Cimetidine does not affect the pharmacokinetics of amlodipine.
In studies in vitro Amlodipine does not affect the binding to plasma proteins digoxin, phenytoin, warfarin and indomethacin.
Grapefruit juice: simultaneous single intake of 240 mg of grapefruit juice and 10 mg of amlodipine inwards is not accompanied by a significant change in the pharmacokinetics of amlodipine. Nevertheless, it is not recommended to use grapefruit juice and amlodipine simultaneously, as in the genetic polymorphism of the isoenzyme CYP3A4 may increase the bioavailability of amlodipine and, as a result, this, increased hypotensive effect.
Aluminum or magnesium-containing antacids: their single administration does not significantly affect the pharmacokinetics of amlodipine.
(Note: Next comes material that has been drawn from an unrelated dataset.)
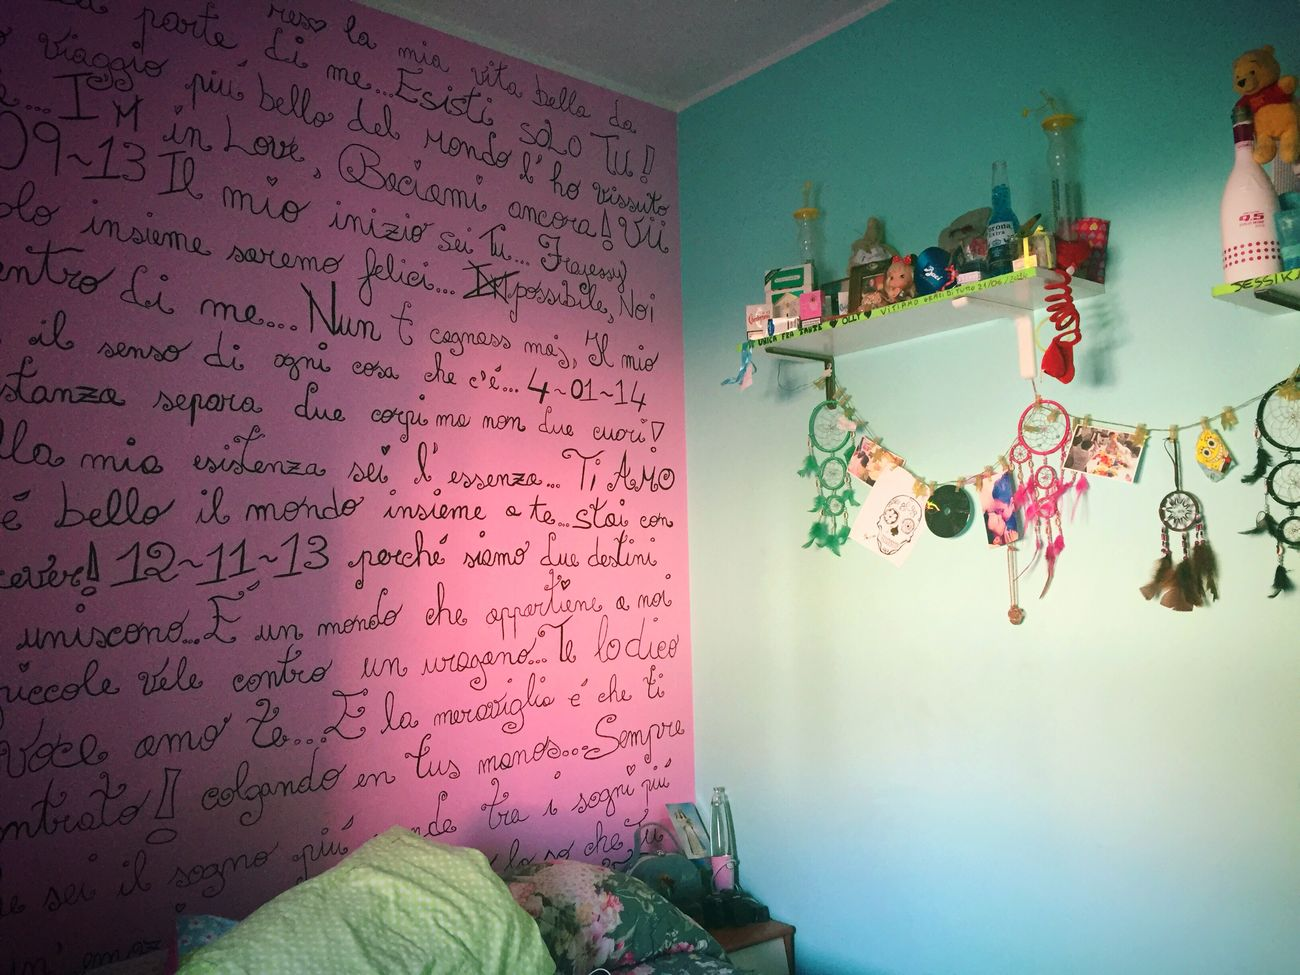 Pastel Power Room Pink Celeste Scritta Wall Dreamcatcher Draw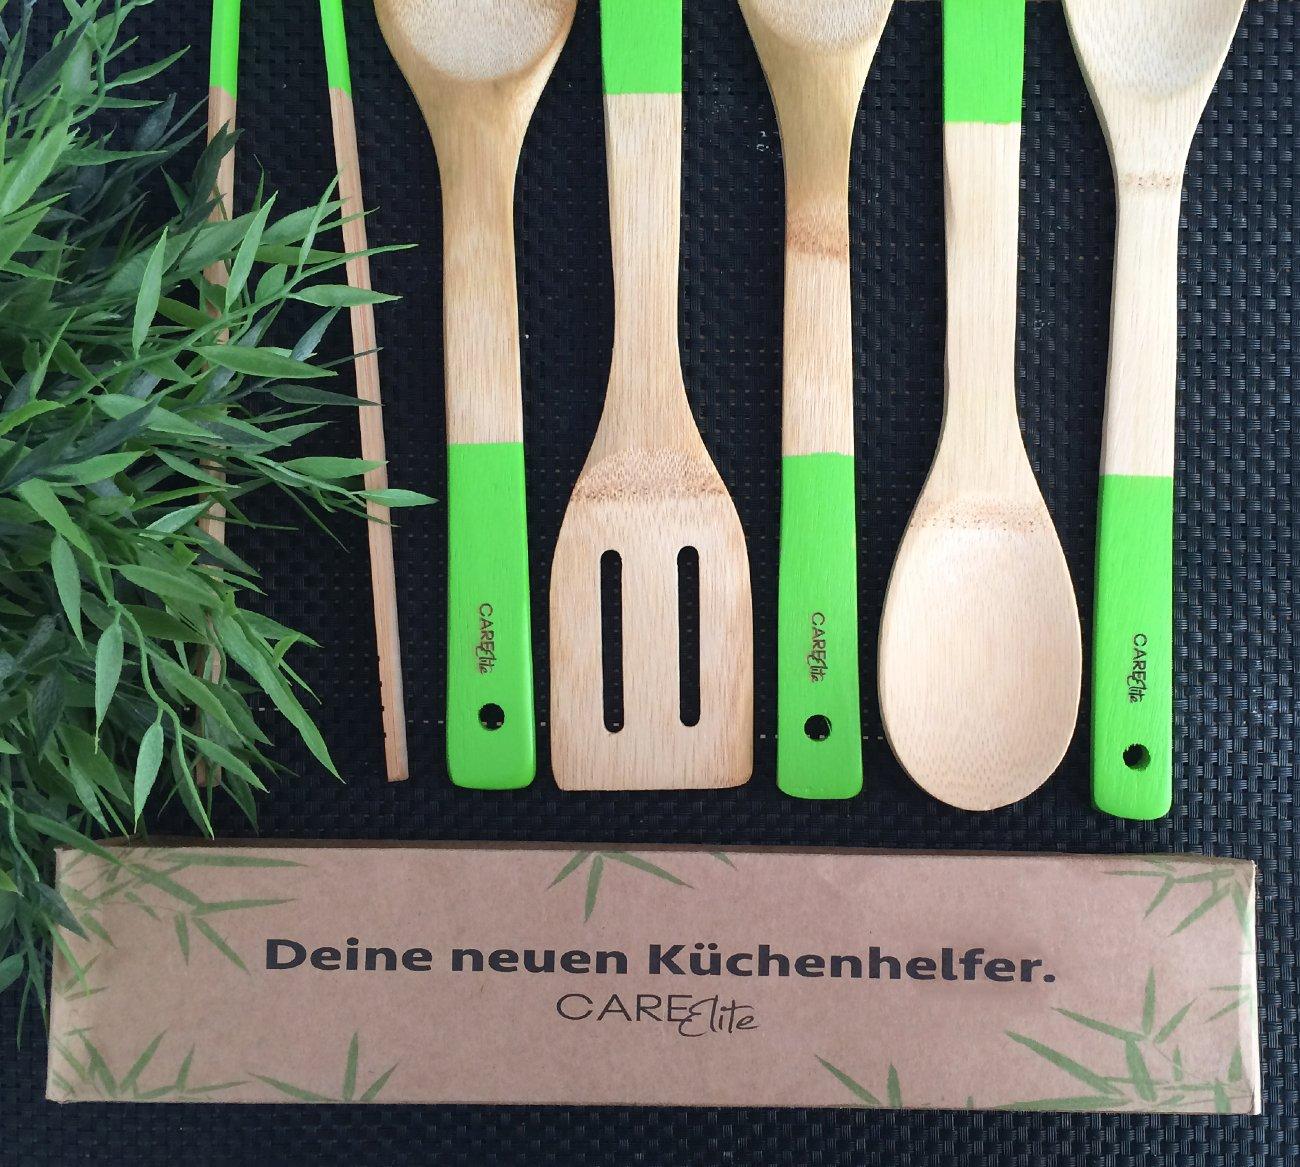 6er-Set Küchenhelfer aus Bambus-Holz ♻ Nachhaltige grüne ...

Inhibitor inhibitors CYP3A4: with the simultaneous use of diltiazem in a dose of 180 mg and amlodipine in a dose of 5 mg in patients from 69 to 87 years with hypertension, there is an increase in system exposure of amlodipine by 57%.The simultaneous use of amlodipine and erythromycin in healthy volunteers (18 to 43 years) does not lead to significant changes in the exposure of amlodipine (an increase in the area under the concentration-time curve, (AUC) on 22%). Despite the fact that the clinical significance of these effects is not completely clear, they can be more pronounced in elderly patients.
Powerful inhibitors of isoenzyme CYP3A4 (eg, ketoconazole, itraconazole) can lead to an increase in the concentration of amlodipine in the blood plasma to a greater extent than diltiazem. It should be used with caution amlodipine and isoenzyme inhibitors CYP3A4.
Clarithromycin: isoenzyme inhibitor CYP3A4. In patients taking both clarithromycin and amlodipine, increased risk of lowering blood pressure. Patients who take this combination are recommended to be under close medical supervision.
Inductors of isoenzyme CYP3A4: data on the effect of inducers of isoenzyme CYP3A4 there is no pharmacokinetics of amlodipine. You should carefully monitor blood pressure while using amlodipine and isoenzyme inducers CYP3A4.
Tacrolimus: with simultaneous use with amlodipine there is a risk of increasing tacrolimus concentration in the blood plasma. In order to avoid toxicity tacrolimus with simultaneous application with amlodipine, the concentration of tacrolimus in the blood plasma of patients should be monitored and the dose of tacrolimus should be adjusted if necessary.